THAILAND TOURISM 2025 SNAPSHOT
Thailand Tourism: A Defining Nexus
As Thailand moves into 2026, its tourism sector faces a defining moment. Regional travel demand is expanding, yet Thailand’s relative performance is weakening as new competitors accelerate. The data highlights a clear divergence: while neighboring markets such as Vietnam and Japan are capturing growth, Thailand is contending with declining foreign arrivals (-7.2% YoY) and softer momentum from core source markets.
The shift is most pronounced in the Chinese outbound market, once the cornerstone of Thailand’s tourism engine. Although China’s outbound travel is projected to return to near pre-pandemic levels by 2025, Thailand’s share has eroded as travelers redirect toward destinations perceived as safer, better connected, and more competitively priced—particularly Vietnam.
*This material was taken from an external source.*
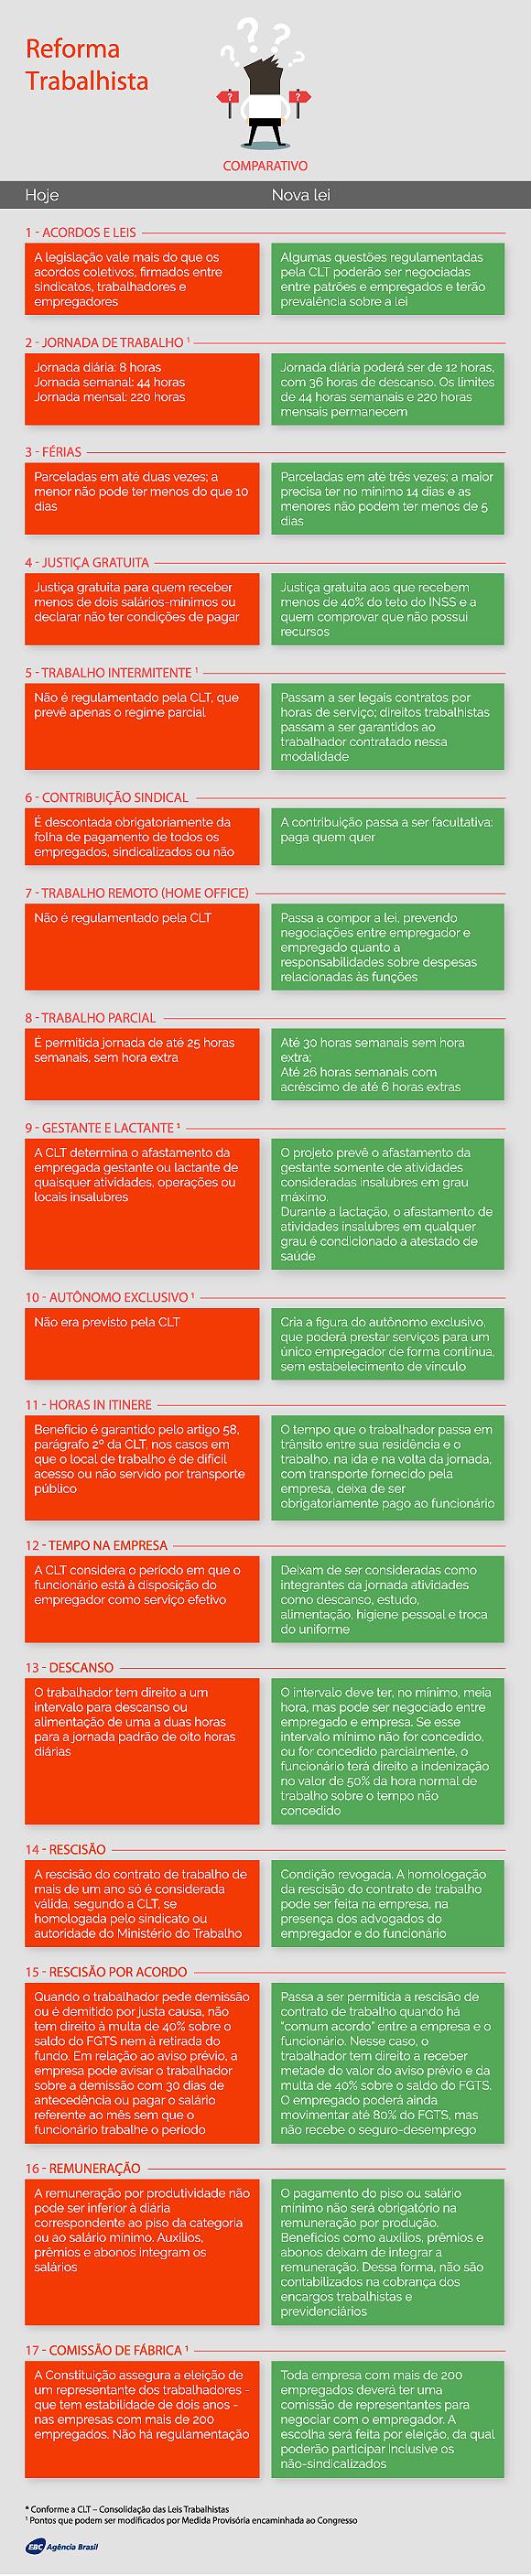 reforma-trabalhista_infografico
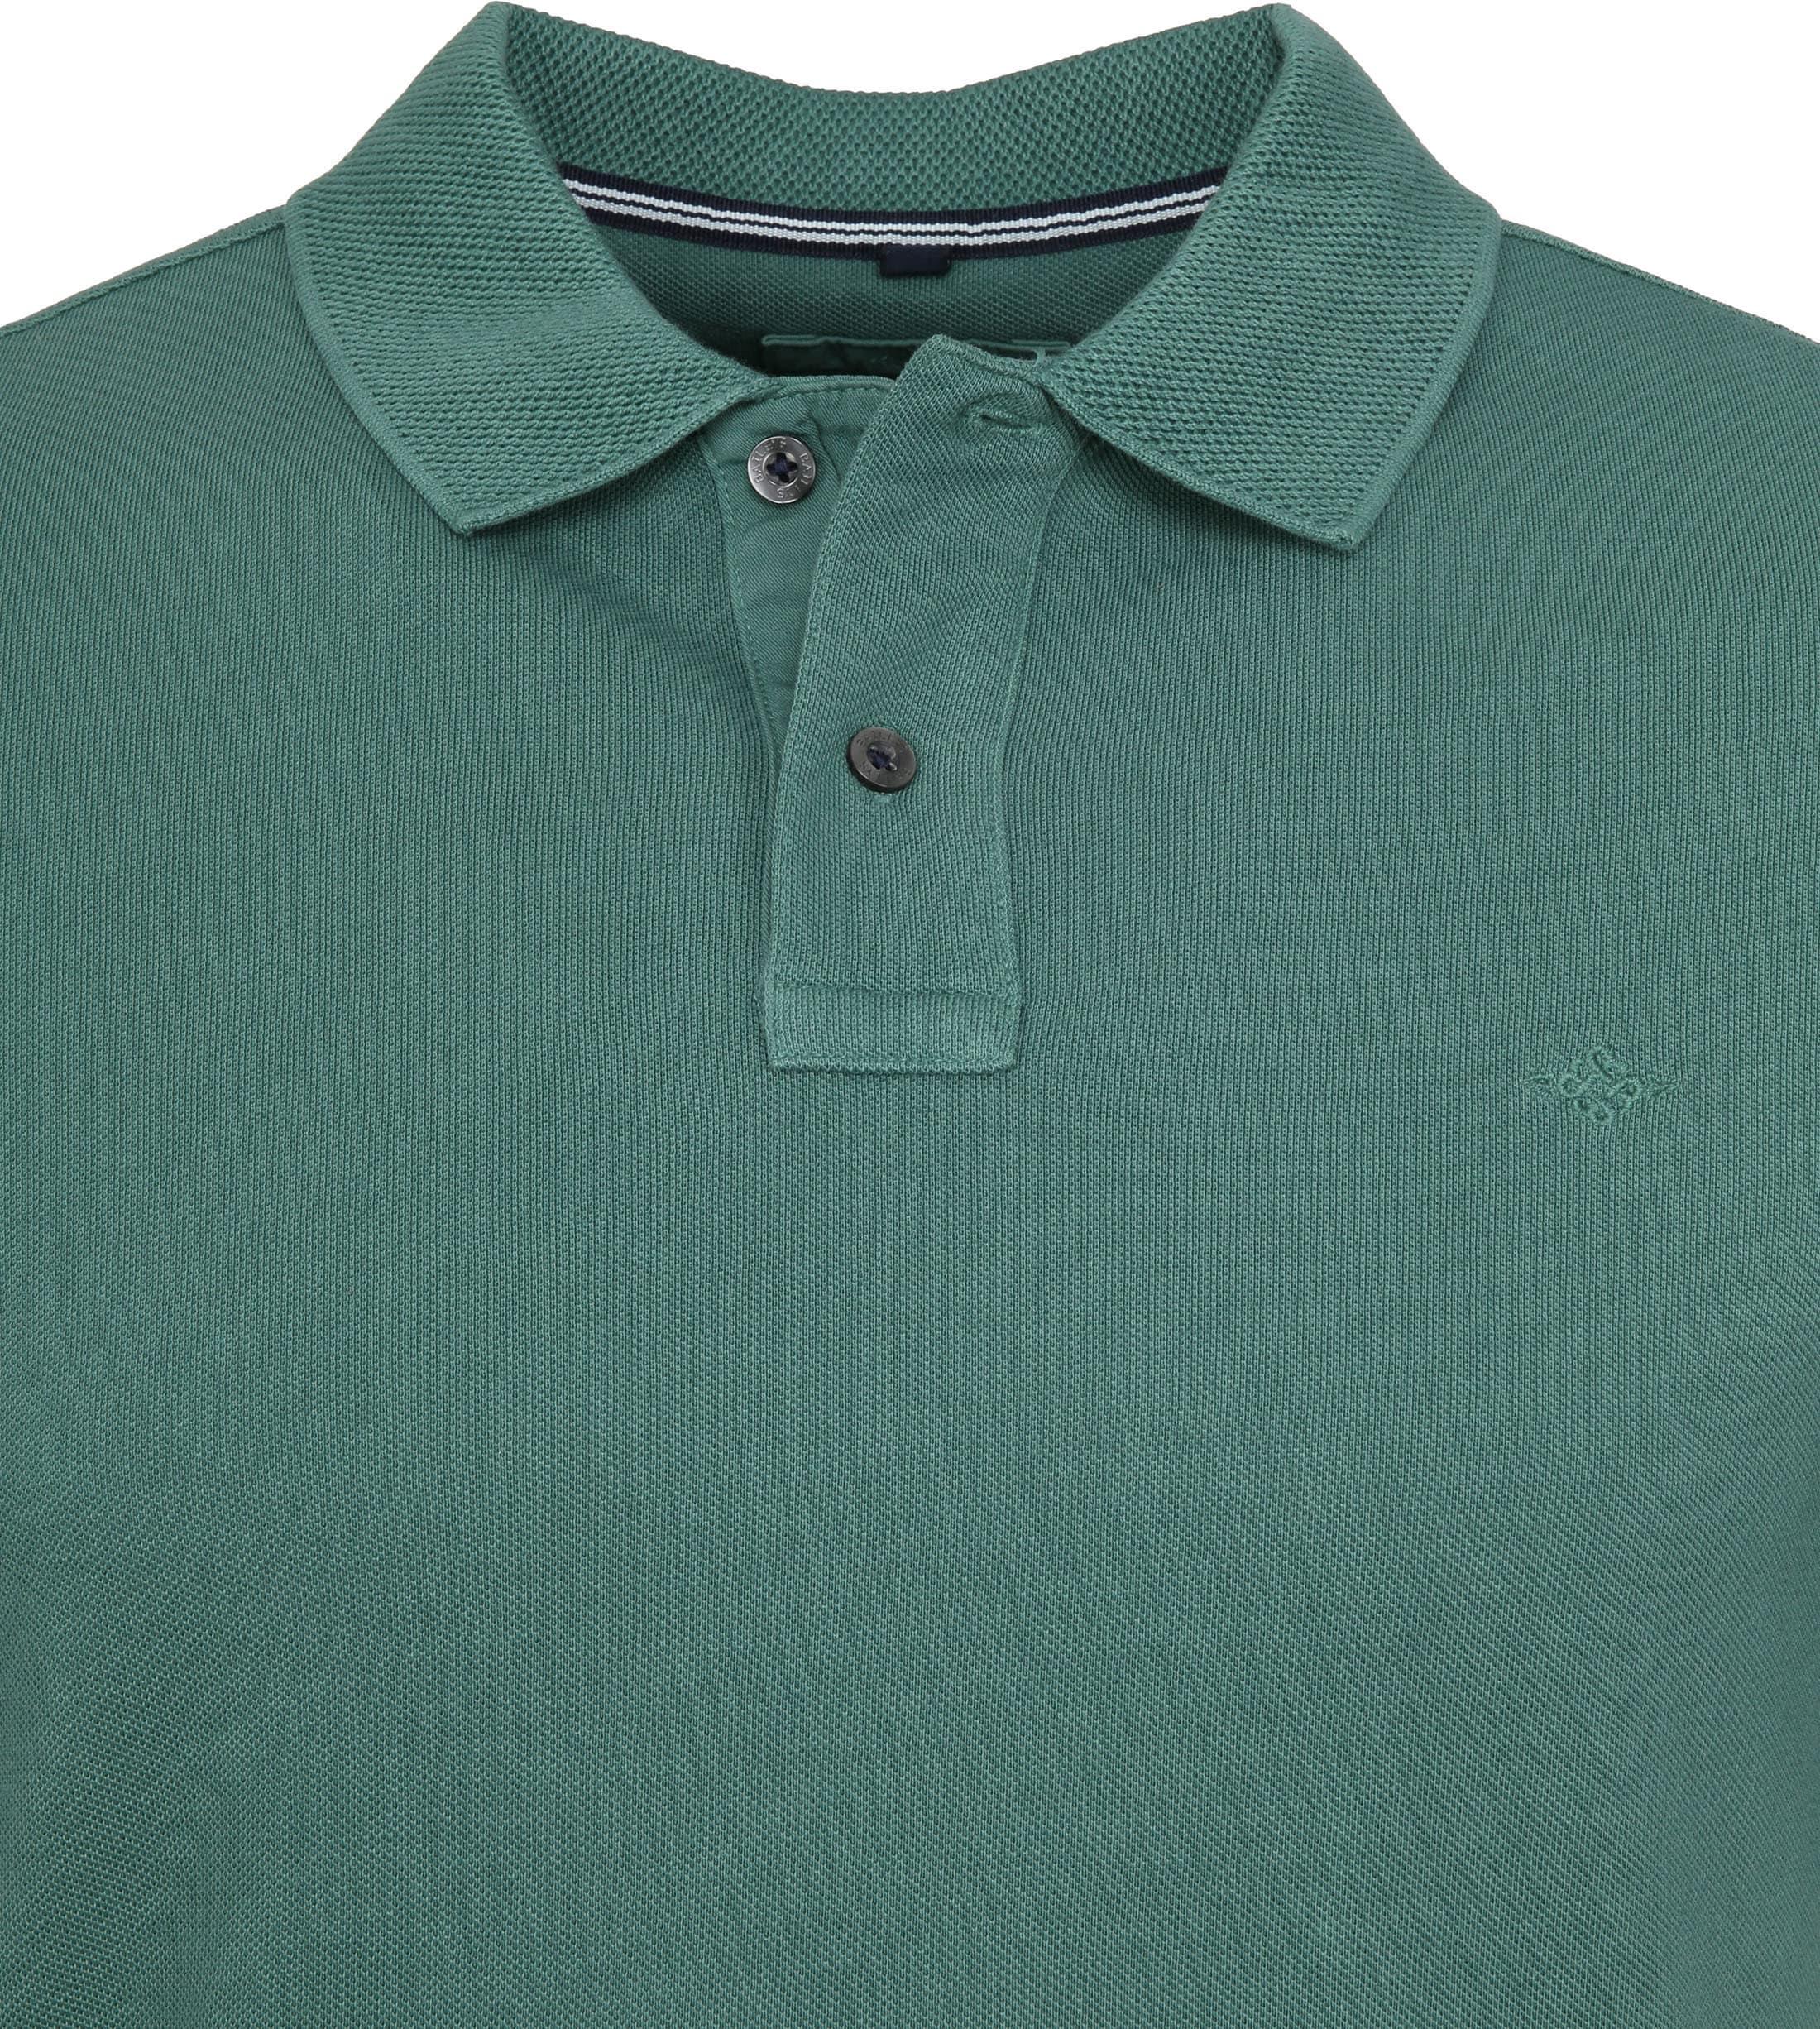 Suitable Vintage Poloshirt Groen foto 1

Vietnam’s rise underscores the changing competitive dynamics. Vietnam is extracting outsized growth through lower pricing, an expansion of airport capacity, and aggressive development of second- and third-tier destinations. Vietnam’s hotel average rates sit below Thailand’s across both urban and resort destinations, reinforcing the role of perceived value-for-money in shaping traveler choice. In terms of connectivity, the country now has 12 international airports, with a major new gateway—Long Thanh International Airport for Ho Chi Minh City—scheduled to commence operations in 2026. The footprint of international airports across multiple destinations also points to a strategy of distributing tourism growth beyond a handful of primary cities and spreading development across the country.
This contrast highlights that scale alone no longer guarantees leadership—strategy, infrastructure, and ecosystem readiness now define success. In light of these shifts, three priorities stand out for Thailand’s tourism agenda in 2026: (1) step up investment in strategic infrastructure to maintain competitiveness as experiential travel accelerates; (2) raise safety standards consistently across destinations and segments to rebuild confidence; and (3) actively promote second- and third-tier cities through policy and budget planning to broaden market readiness and capture shifting global travel demand.